*ABOUT THIS TASK*
The line containing "Jackson 5 - ABC: Limited Blue Vinyl LP" and each line after it, through the final line of the data, are to be retyped exactly, with pictures left out.

*SOURCE DATA*
- - -

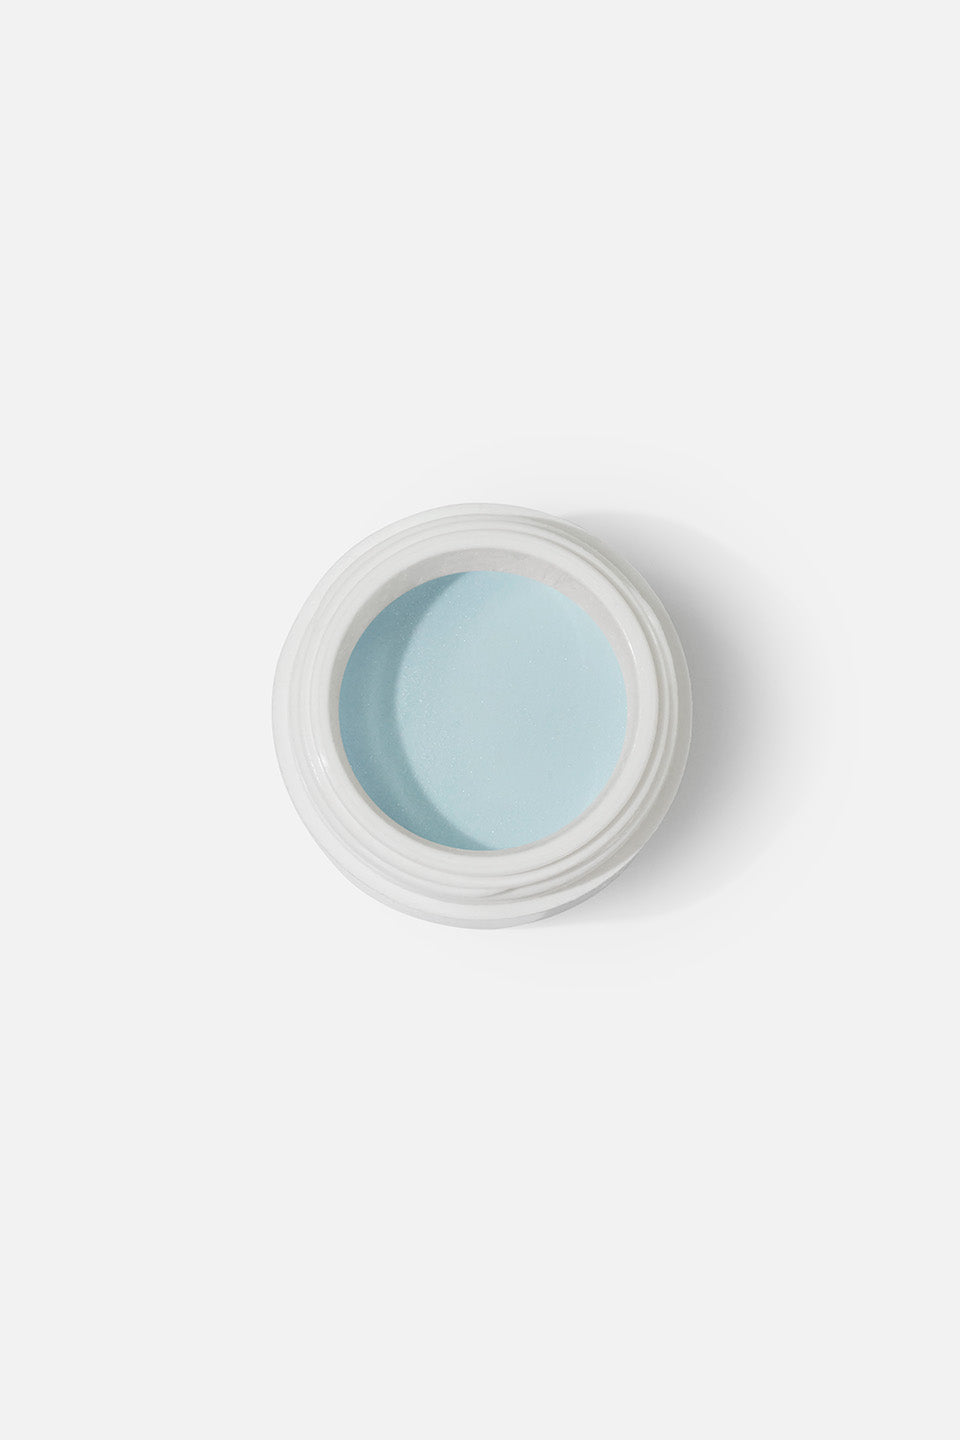 Polvo acrílico azul pastel 5 g
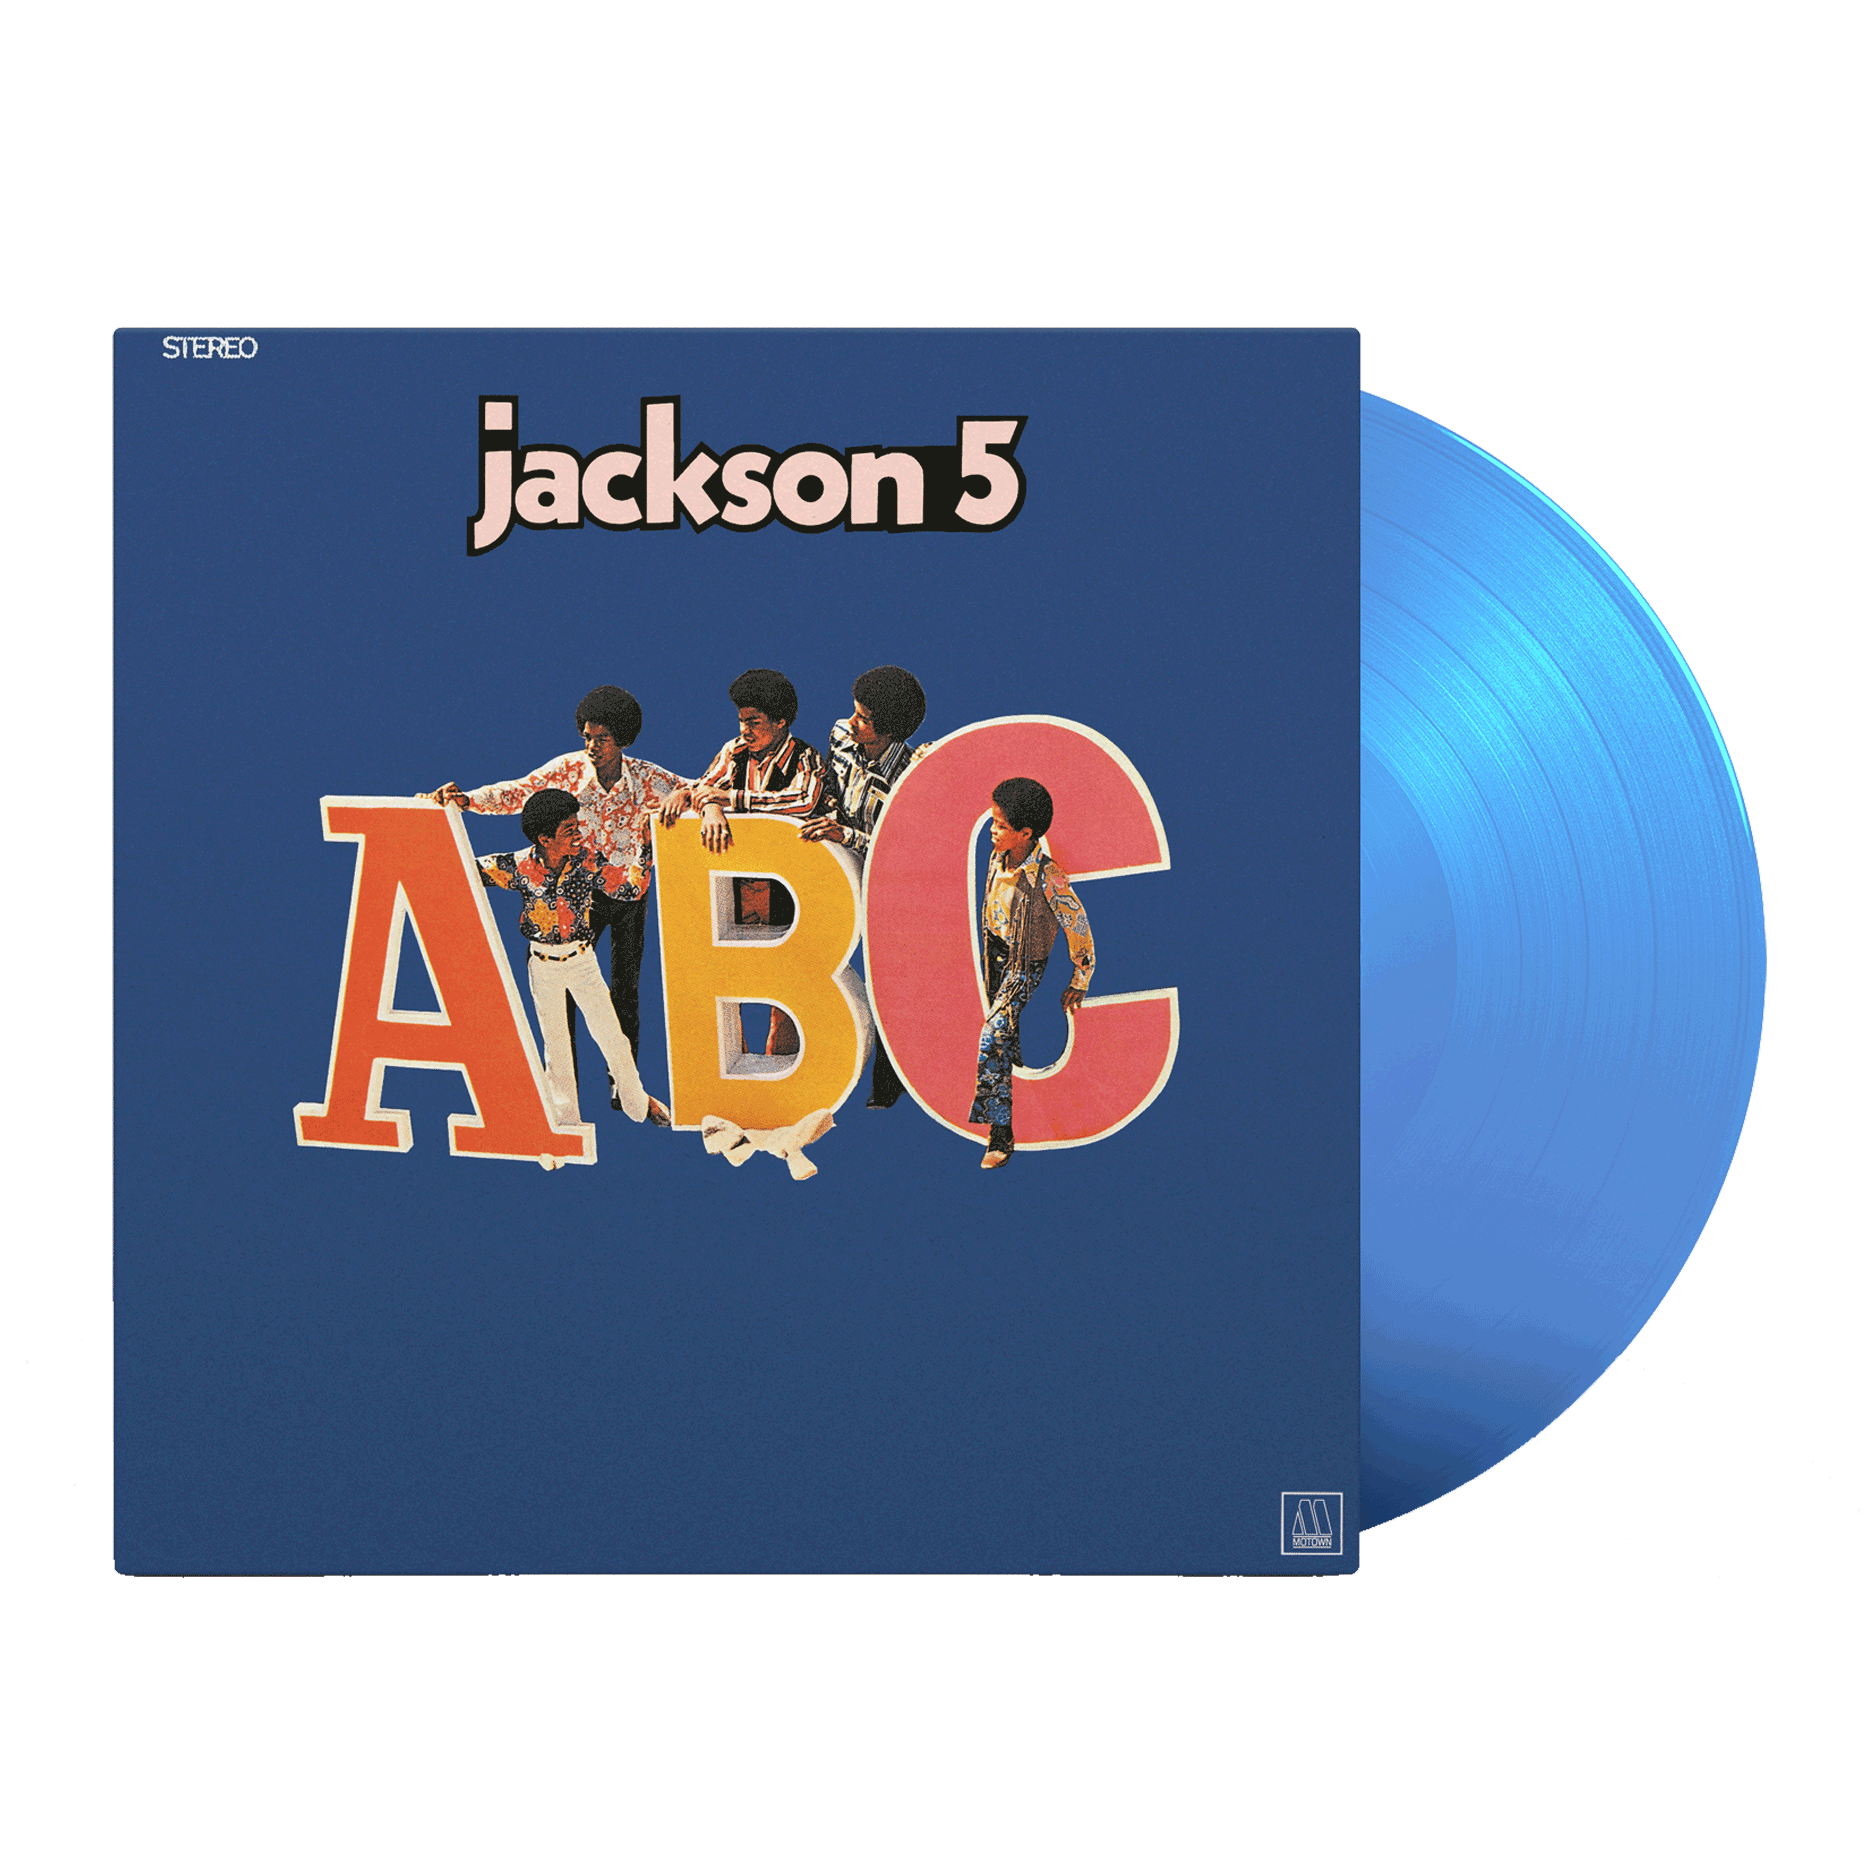 Jackson 5 - ABC: Limited Blue Vinyl LP
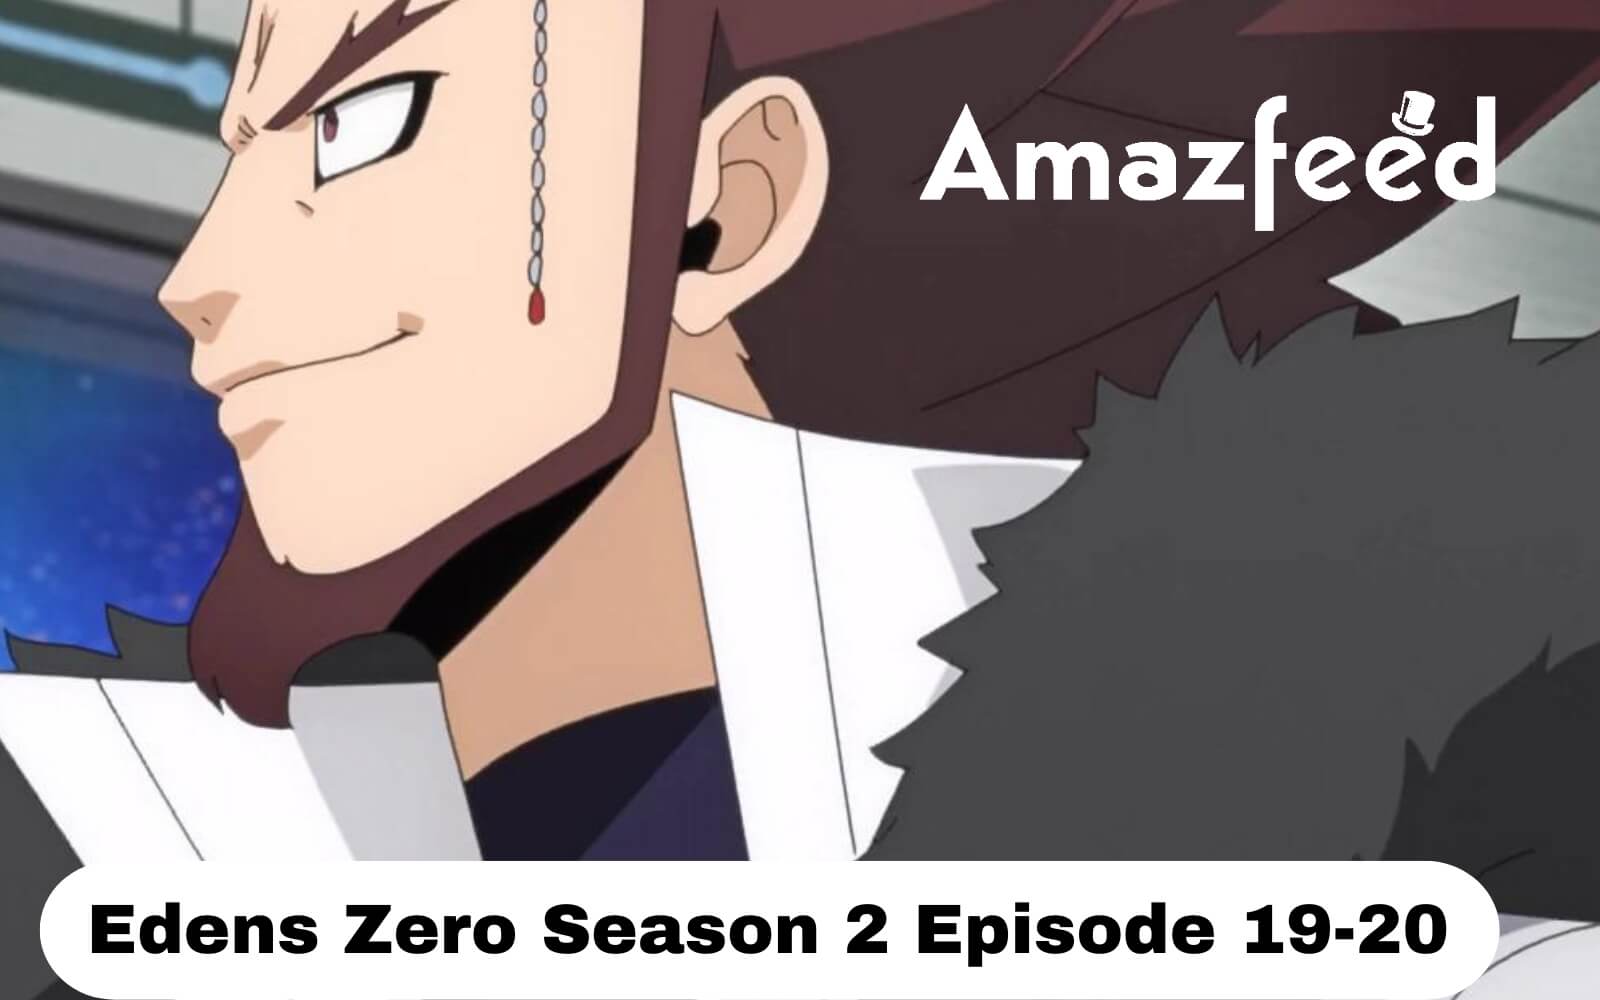 Edens Zero Season 2 Episode 4: Release date and time, countdown

- - -

*EXERCISE RESPONSE*
 Jackson 5 - ABC: Limited Blue Vinyl LP
 Edens Zero Season 2 Episode 4: Release date and time, countdown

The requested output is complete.